I value the online friendships and people who I have met and will meet, I have a feeling though that I need to be a little slower and look closer at who and what I am adding to my social media networks in the future. Just to keep the conversations and information I receive, more pertinent to my interests and ability to follow.

Like the GREAT Twitter conversation I was having while writing this post with @Brod262, @nycrunningmama and @pmumbower (yes I was multi-tasking), it is all about finding the social media balance that works for you.

For me to use social media effectively and the way that I want to – means having less quantity, to have more quality.

What do you think? Are there other things that I can do to keep my social media habit under control?

6 thoughts on “Enough Whining, What Did I Do About My Social Media Overload

  1. I have the same issue sometimes, but usually I just keep up with twitter the most because I like talking to people and its one of the easiest ways for me to do so.

  2. Wow. In comparison to you, I am a social media teetotaler. I check FB twice a day, will not join Twitter, and check google reader once a week and then quickly mass delete most of it. I don’t follow a lot of running stuff anymore and just do research when I need to find out something. I spend far more time on sports related sites than anything else, although around election time I was daily checking the polls and reading a lot. I also check my Gmail regularly since I try to keep anything personal from my work account. Fortunately with the smartphones that is not a big time waster.

    When I retire someday I can do a lot more social media, but until that happens I have to pick my spots. Good luck with your downsizing.

  3. Sounds like you went about it in the right way for you, Harold. Please check in later in the year with us and tell us how it is going and how you are doing with keeping things pared down.

    I just cleaned out my reader feed, also, and hid a bunch of people on my FB feed as well. It feels good!

  4. I am totally in the same boat with your social media overload. I felt that way about a year ago. I too turned off the notificactions (sounds) on my phone. Although I still see when it pops up on my phone through the lock screen.

    Sometimes completely unplugging (computer off, phone put away) helps me to just be in the moment and enjoy life… without worrying about what is happening to my social media presence (or lack there of).

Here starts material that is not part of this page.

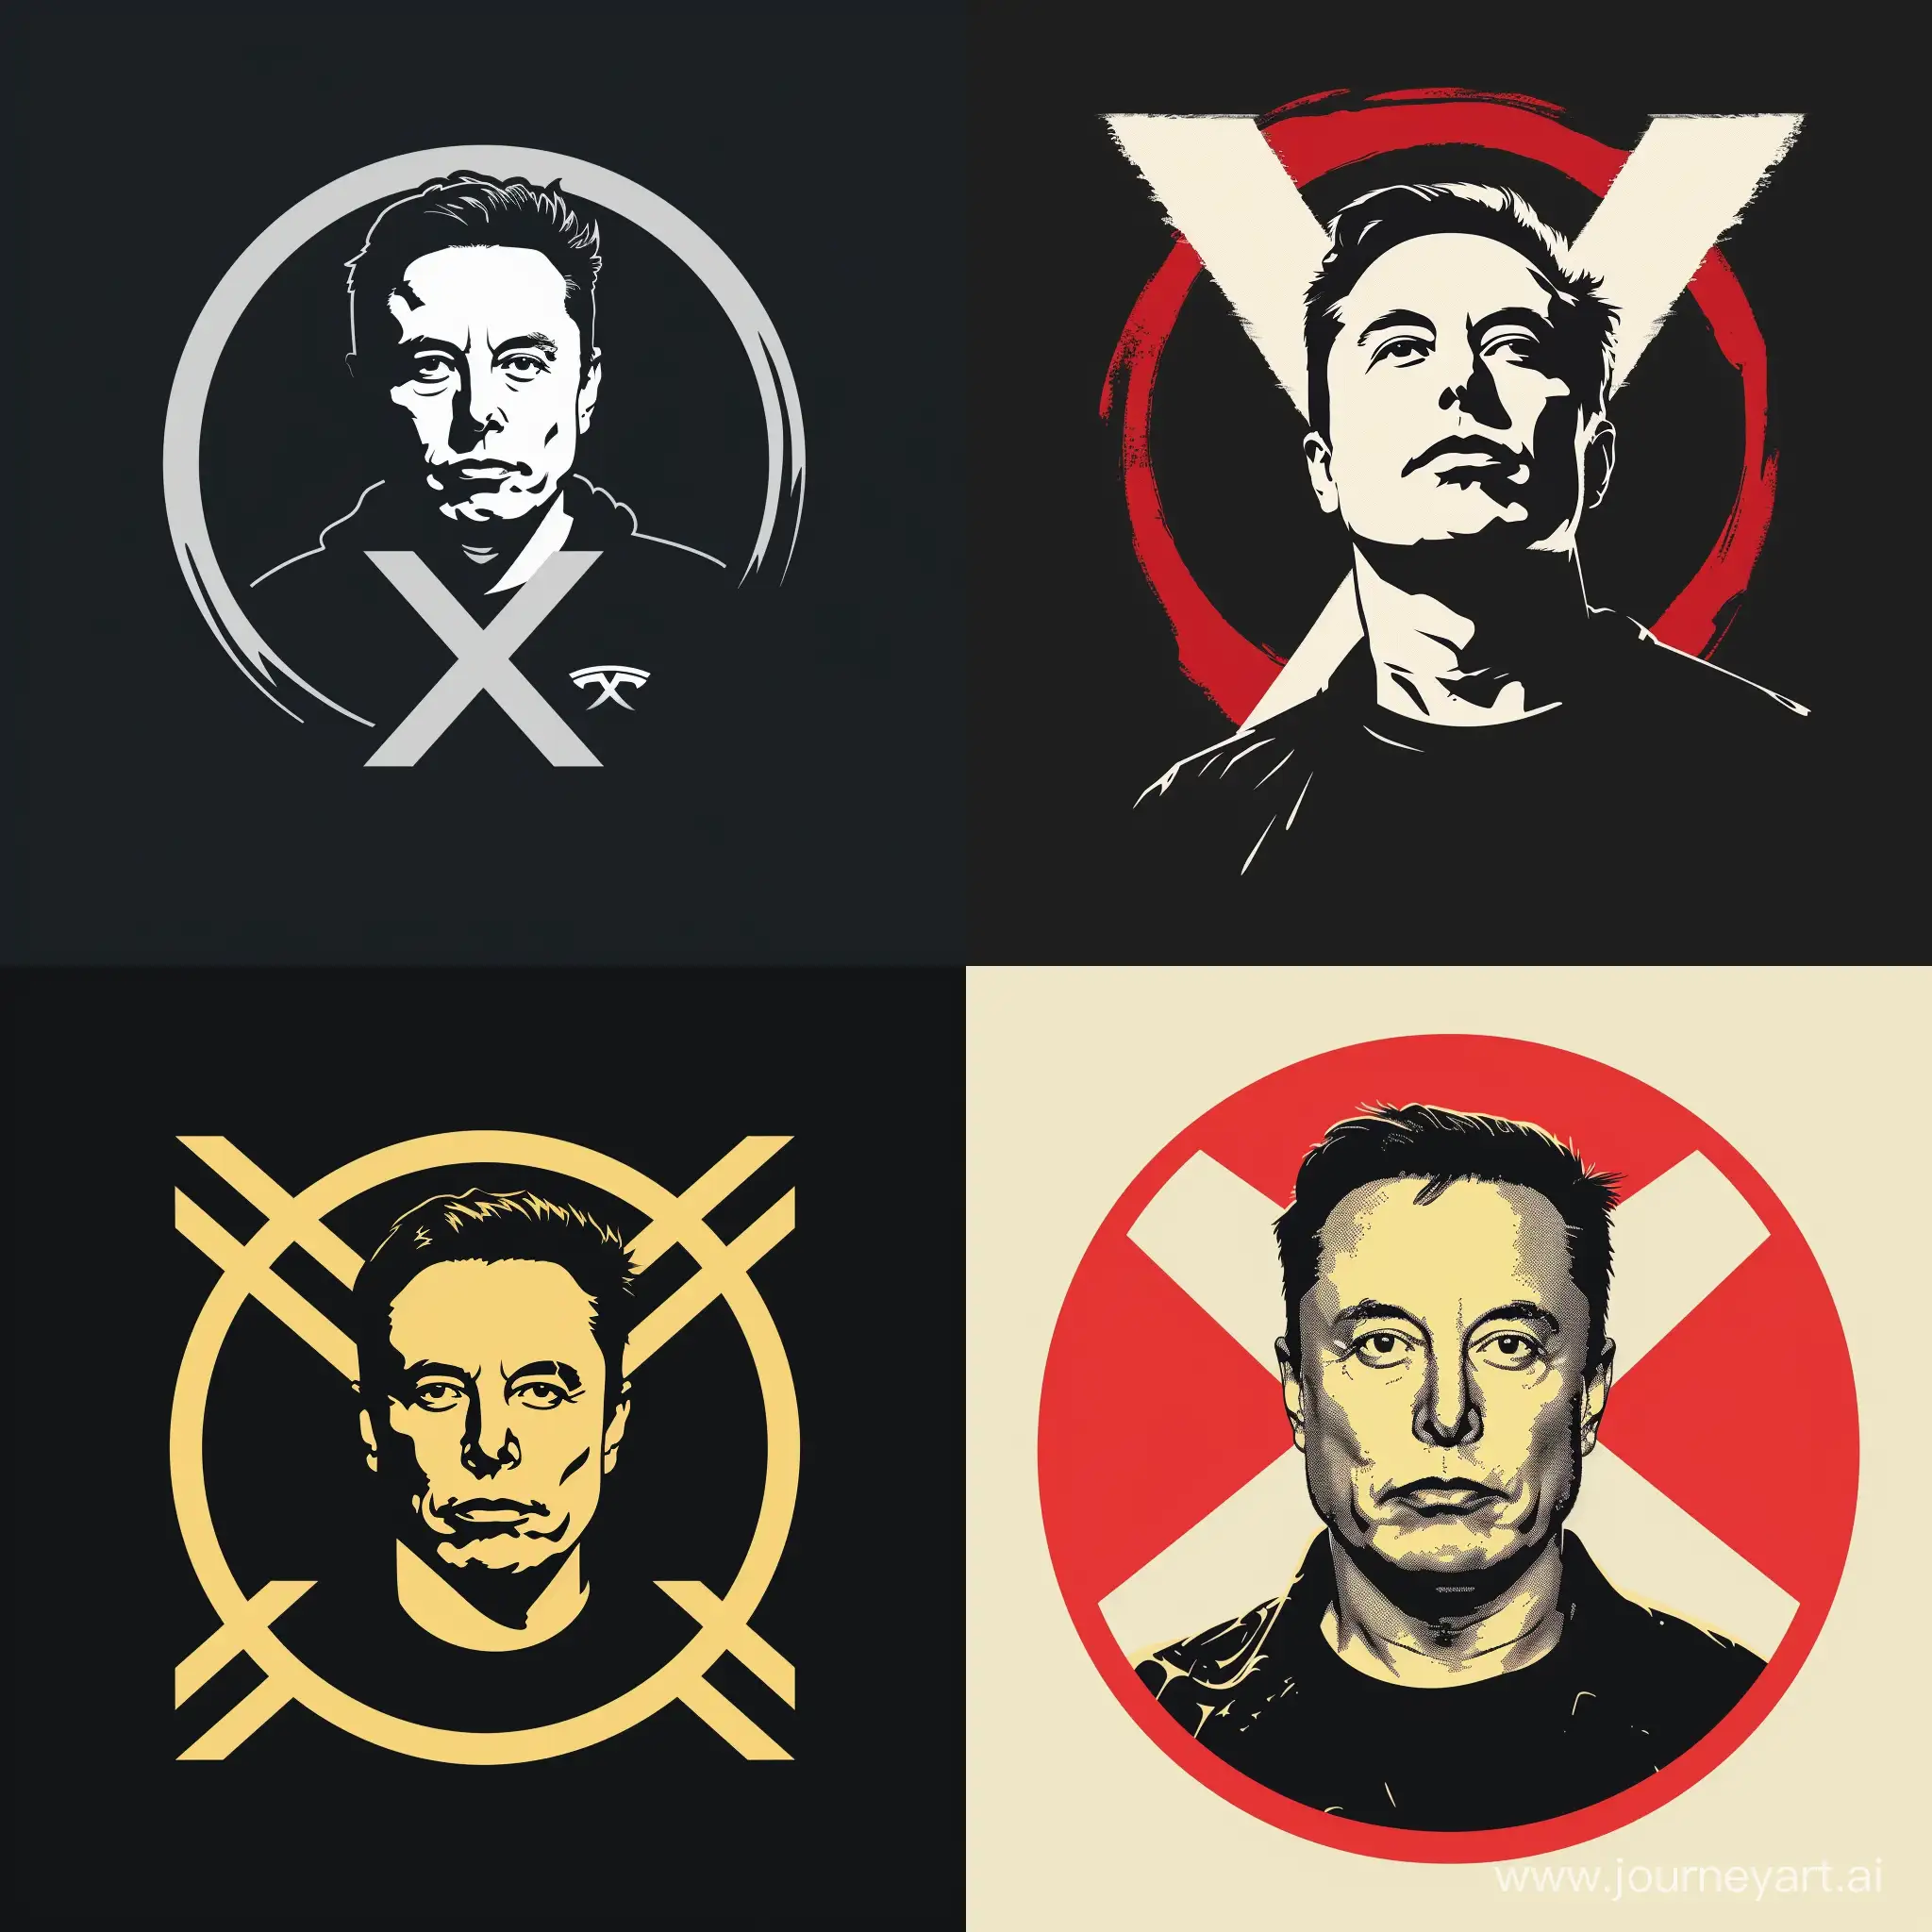 Elon-Musks-Face-on-X-Company-Logo-Artwork

  5. I’ve been gradually paring down things in my Reader in the past couple of months after I took somewhat of a hiatus. It helped knowing who was blogging and who wasn’t. My day job is all about social media, so I have a hard time “turning it off,” but I’ve learned to filter what I’m listening to. I’m considering dropping dailymile as I no longer use that as a tool to socialize, but rather just keep track of my workouts. I think it may be easier to do it myself.